Reporters in Washington pretty much rely on anonymous sources to write their stories, because reporters need zazzy and divisive comments from people loathe to give them, in order to fully tell the story of nothing that they routinely tell, and solve no problems related to the lives of ordinary people. I think that this article from Politico, however, is probably the Anonymous Source Singularity.
See, we're having these "debt ceiling negotiations," which are a fake dumbshow about nothing, in which lawmakers too cowardly to make tough choices pretend that they are being "held hostage" and may have no other choice but to make a tough choice. Naturally, very few people want to have their names out there, supporting something -- the whole point of the fake negotiations is to place the blame for the ensuing public discontent on another party. So everyone's talking to reporters off the record, and every reporter is gleefully writing down these anonymous statements and regurgitating them.

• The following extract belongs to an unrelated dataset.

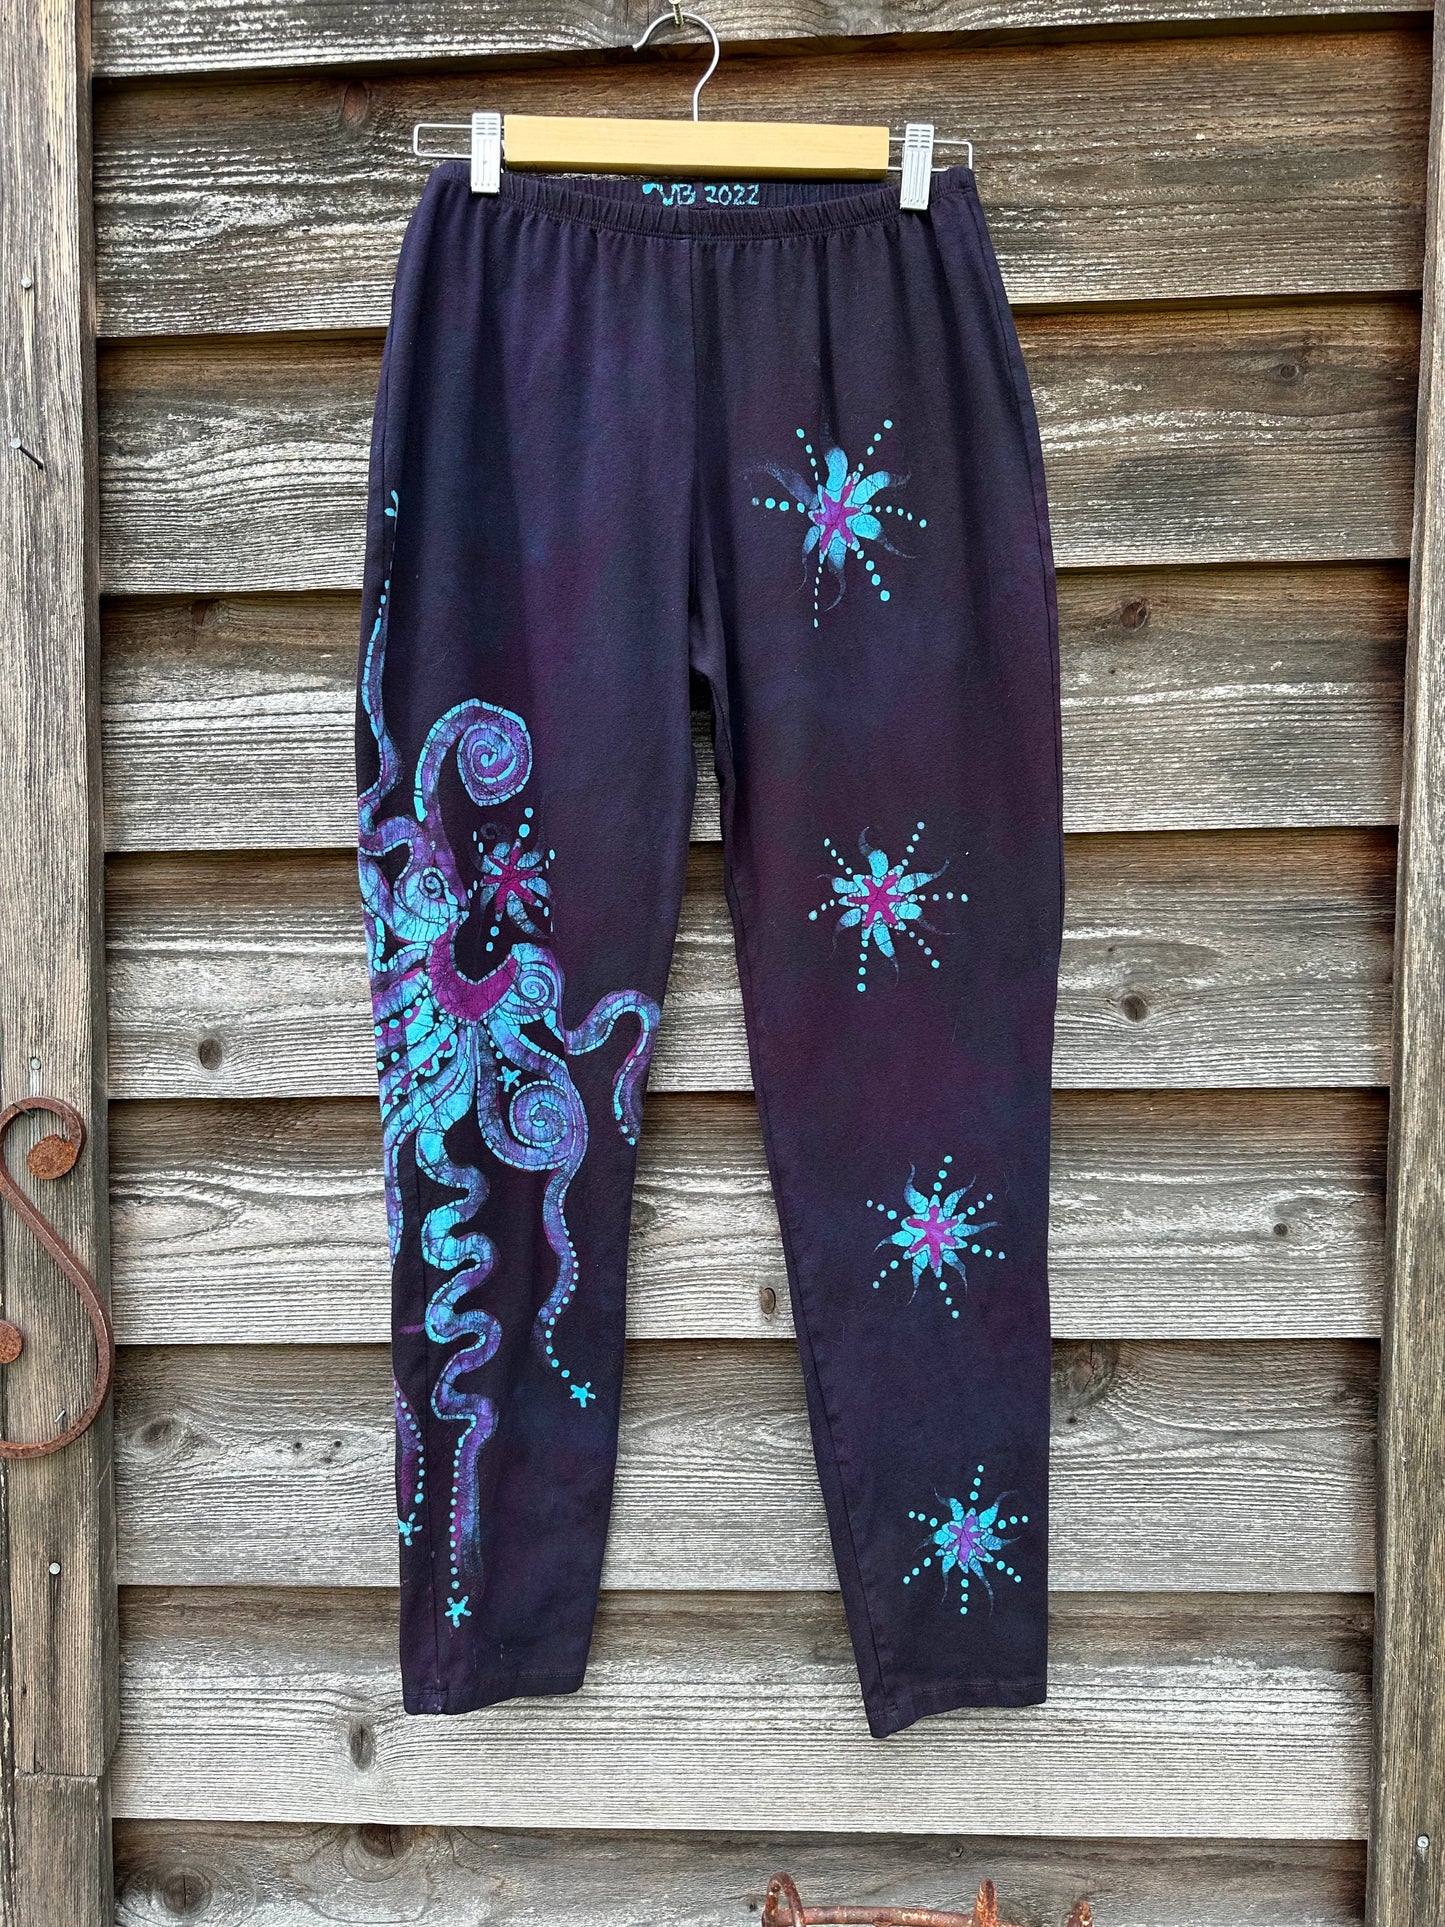 Draft of Deep Purple and Turquoise Moon & Star Batik Leggings leggings batikwalla

A reporter at Politico noticed that anonymous sources have dominated the coverage, and wrote a story about it. This isn't much of an accomplishment, seeing as how this is a practice Politico engages in all the time. It would be like your weatherman reporting that his forecasts were primarily derived from "extant atmospheric conditions."
Here are three terrifically strange paragraphs:
Whether all the secret-sourcing has contributed to a greater public understanding of the dynamics at play is debatable. But many agree it's been necessary.

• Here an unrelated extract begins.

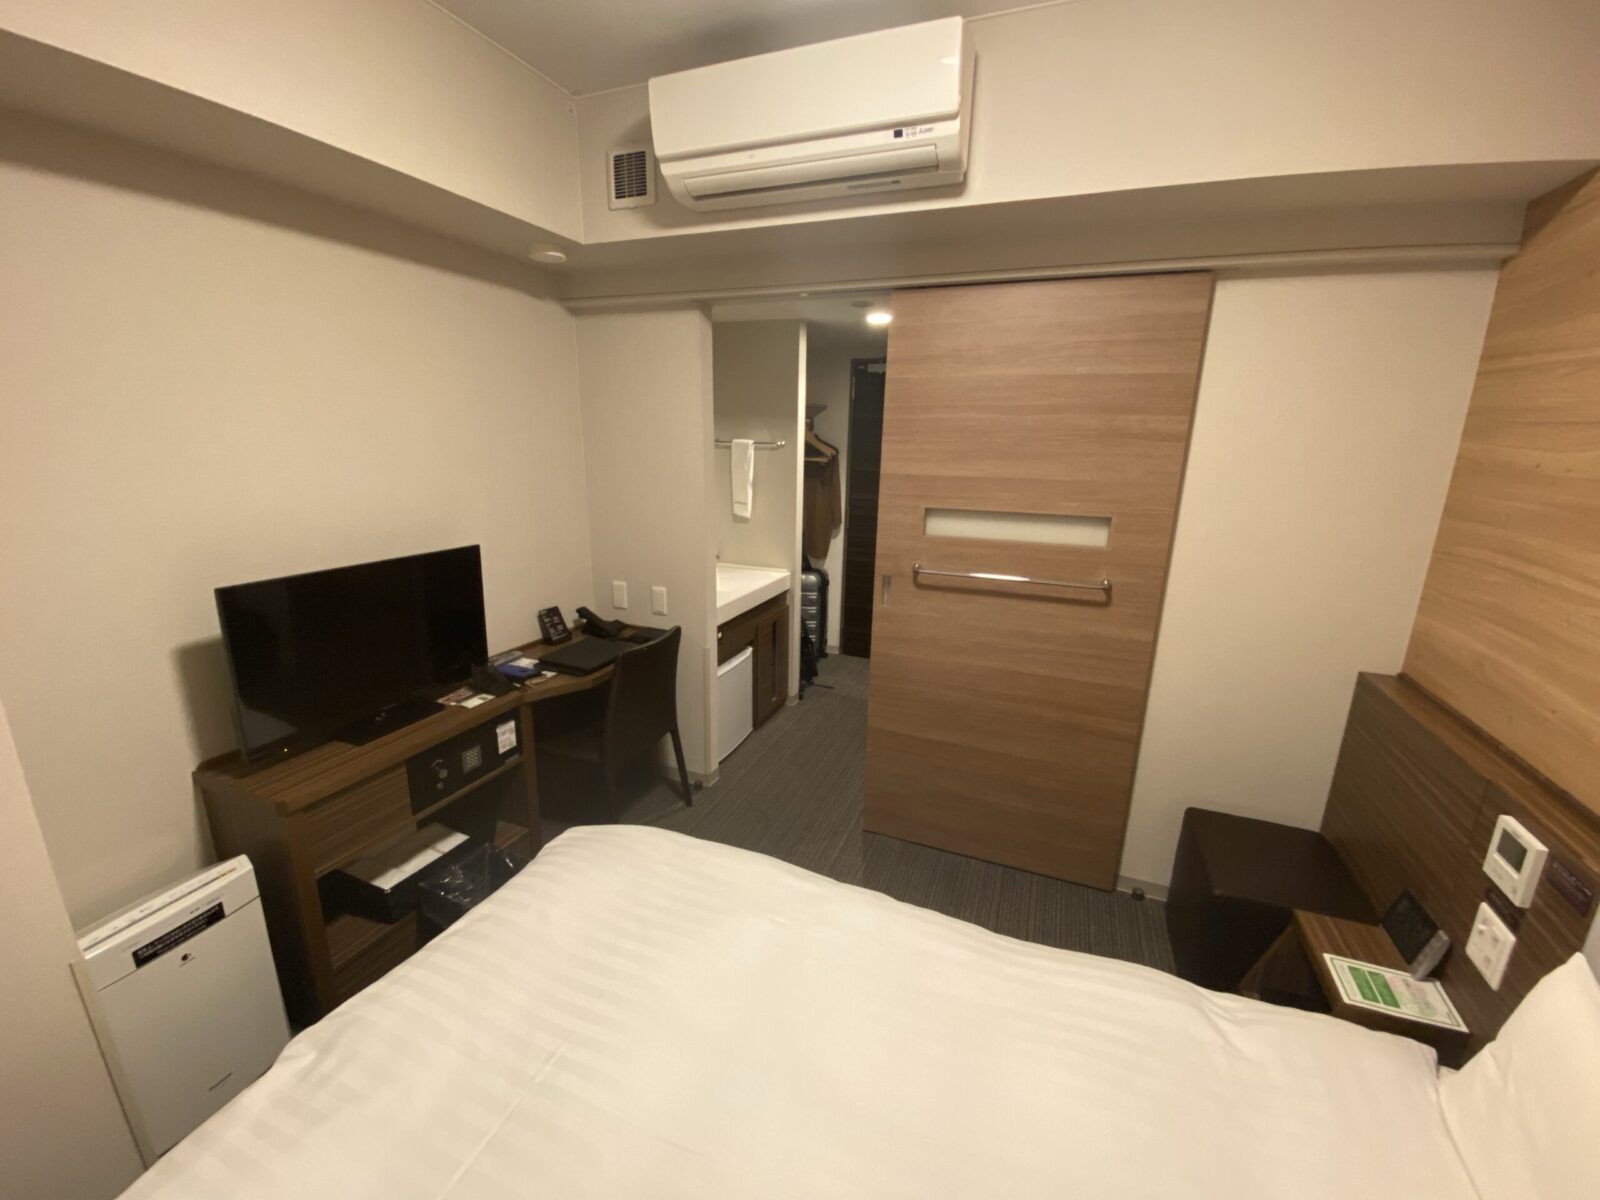 Dormy Inn Abashiri

"Anonymous sources are the crack cocaine of journalism," said Wendell Cochran, a journalism professor at American University and senior editor of the investigative reporting workshop.
"Probably at this juncture you can't cover a story like this without letting people be unidentified because you won't have anything," Cochran said. "But we have also gotten to a point where we have trained people that they don't have to be on the record."
"Many agree it's been necessary!" In this case, "many" is this one dude, Wendell Cochran, who doesn't actually argue the "necessity" of anonymous sources, as much as he notes that everyone has become inured to a set of lazy and terrible journalistic traditions that now hold sway over all political reporting. If a refusal to have anonymous sources means you don't get a story out of it, that sounds to me like an ideal situation! (Reporters can always find an unemployed person in America to talk to! Lots of stories to be had about life in America!)
But this piece gets weirder still:
"I can't recall any recent story so heavily reliant on anonymous sourcing. It's a matter of concern for every journalist in this building," said a White House reporter for a national newspaper chain.
Yes, you read that correctly. The story on anonymous sourcing is supported by a quote from an anonymous source. (This is actually old hat to Politico.) And what possible reason would a "White House reporter for a national newspaper chain" have to fear from being known as the person behind that statement? Is he/she worried that his/her journalism might become good as a result?
At any rate, I kind of love the fact that one of the named sources explained to Politico that "Anonymous sources are the crack cocaine of journalism." That's like telling a crack cocaine addict that crack cocaine is the crack cocaine of crack cocaine.